Abstract
This paper studies an averaged Linear Quadratic Regulator (LQR) problem for a parabolic partial differential equation (PDE), where the system dynamics are affected by uncertain parameters. Instead of assuming a deterministic operator, we model the uncertainty using a probability distribution over a set of possible system dynamics. This approach extends classical optimal control theory by incorporating an averaging framework to account for parameter uncertainty. We establish the existence and uniqueness of the optimal control solution and analyze its convergence as the probability distribution governing the system parameters changes. These results provide a rigorous foundation for solving optimal control problems in the presence of parameter uncertainty. Our findings lay the groundwork for further studies on optimal control in dynamic systems with uncertainty.
Keywords:
linear quadratic regulator; optimal control; parabolic PDEs; averaging method; uncertainty modeling; control convergence MSC:
49J20; 49N10
1. Introduction
Optimal control problems for partial differential equations (PDEs) are widely used in engineering, physics, and economics to model systems that evolve over time [1]. Among these, the Linear Quadratic Regulator (LQR) problem has been extensively studied due to its well-established theoretical properties and practical applicability. The LQR framework provides an optimal strategy for controlling systems governed by linear PDEs while minimizing a quadratic cost functional [1,2]. Recent advances also explore approximate bounded feedback synthesis in parabolic PDEs with nonlinear perturbations and semidefinite performance criteria, extending classical LQR concepts to weakly nonlinear systems [3].

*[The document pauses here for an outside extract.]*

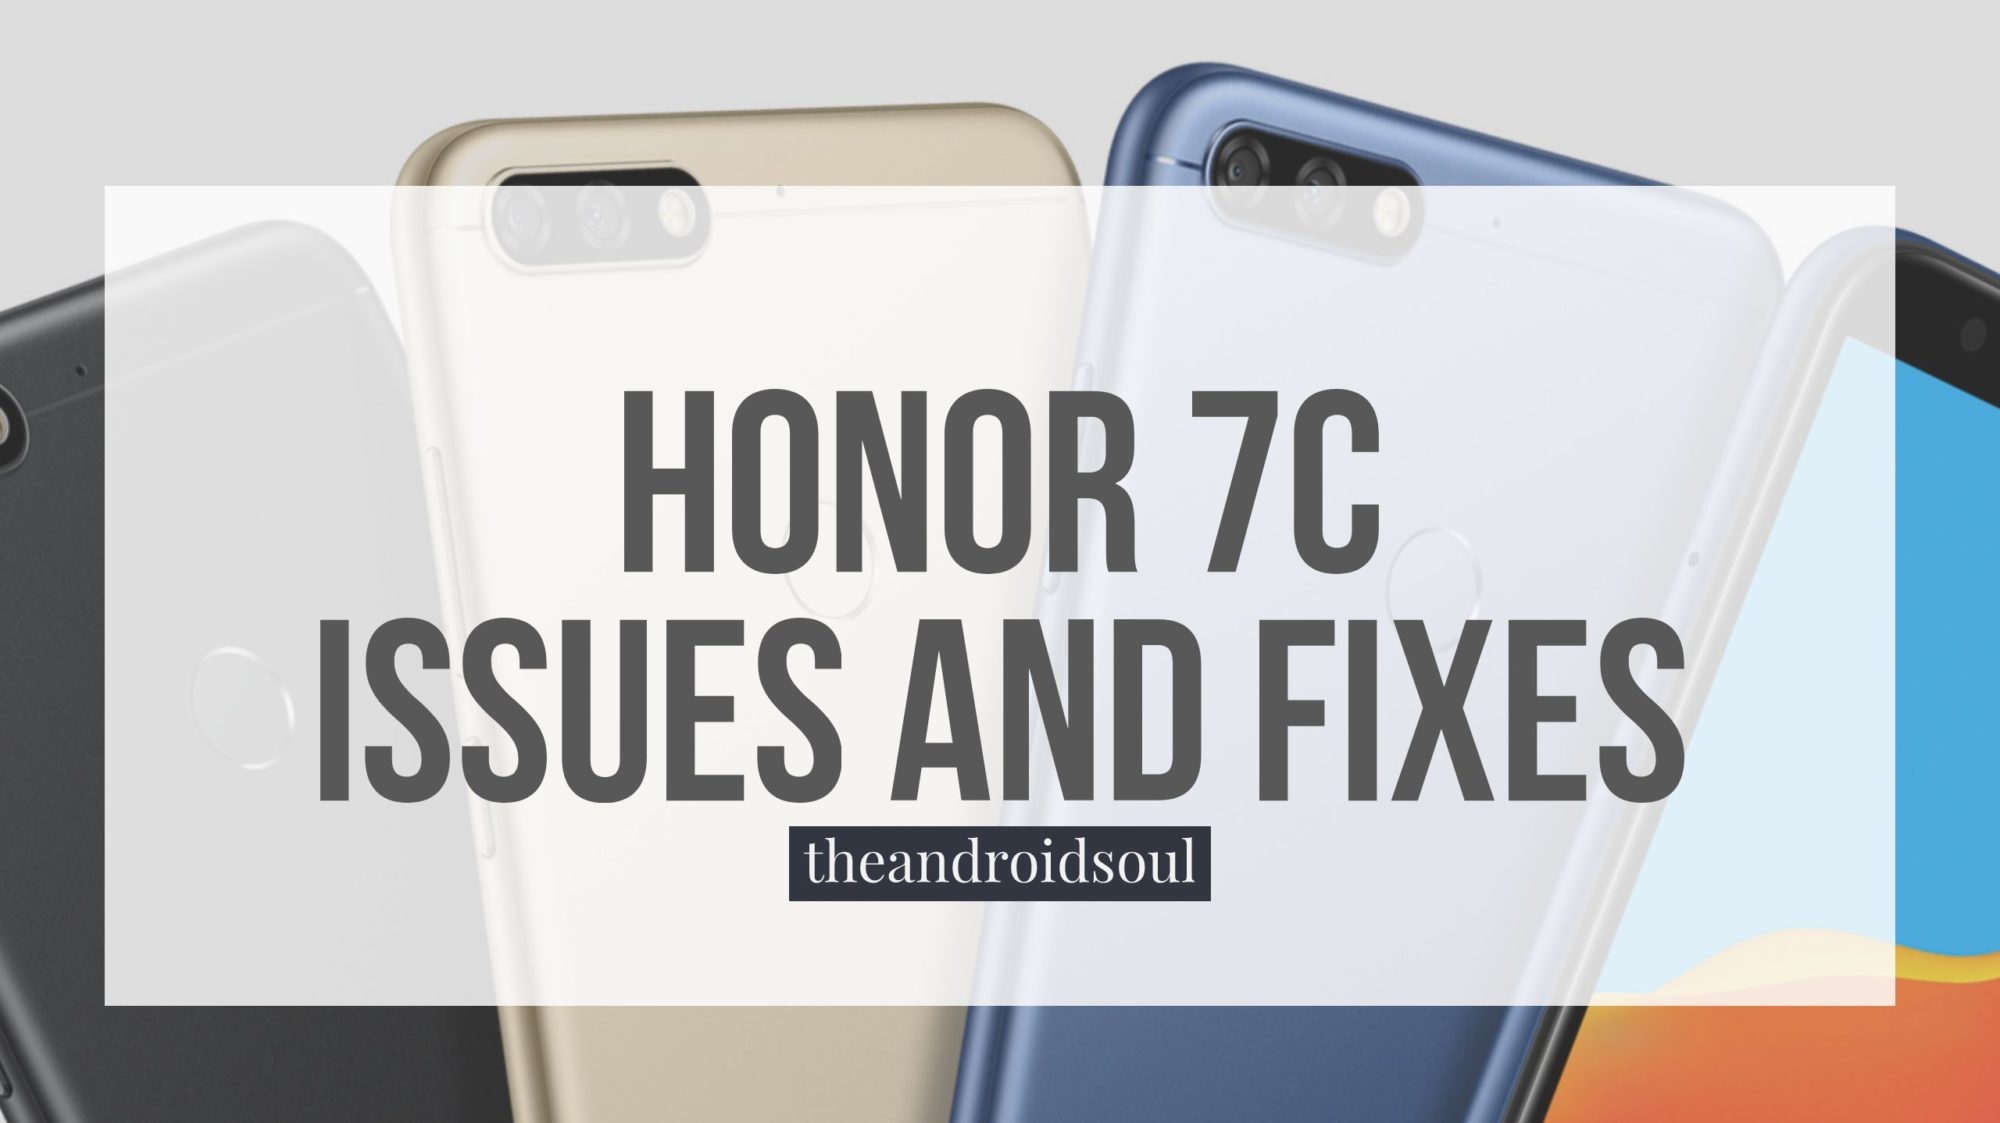 Aquí hay problemas comunes de Honor 7C y sus respectivas soluciones

In this paper, we consider an averaged LQR problem for a parabolic PDE, where the system dynamics contain uncertain parameters. Instead of assuming a single deterministic system, we model the uncertainty using a probability distribution over a set of possible dynamics. This approach is inspired by previous studies in optimal control and stochastic averaging methods [4]. Related work addresses optimal regulation under rapidly oscillating parameters using homogenized models and superposition-type cost structures [5].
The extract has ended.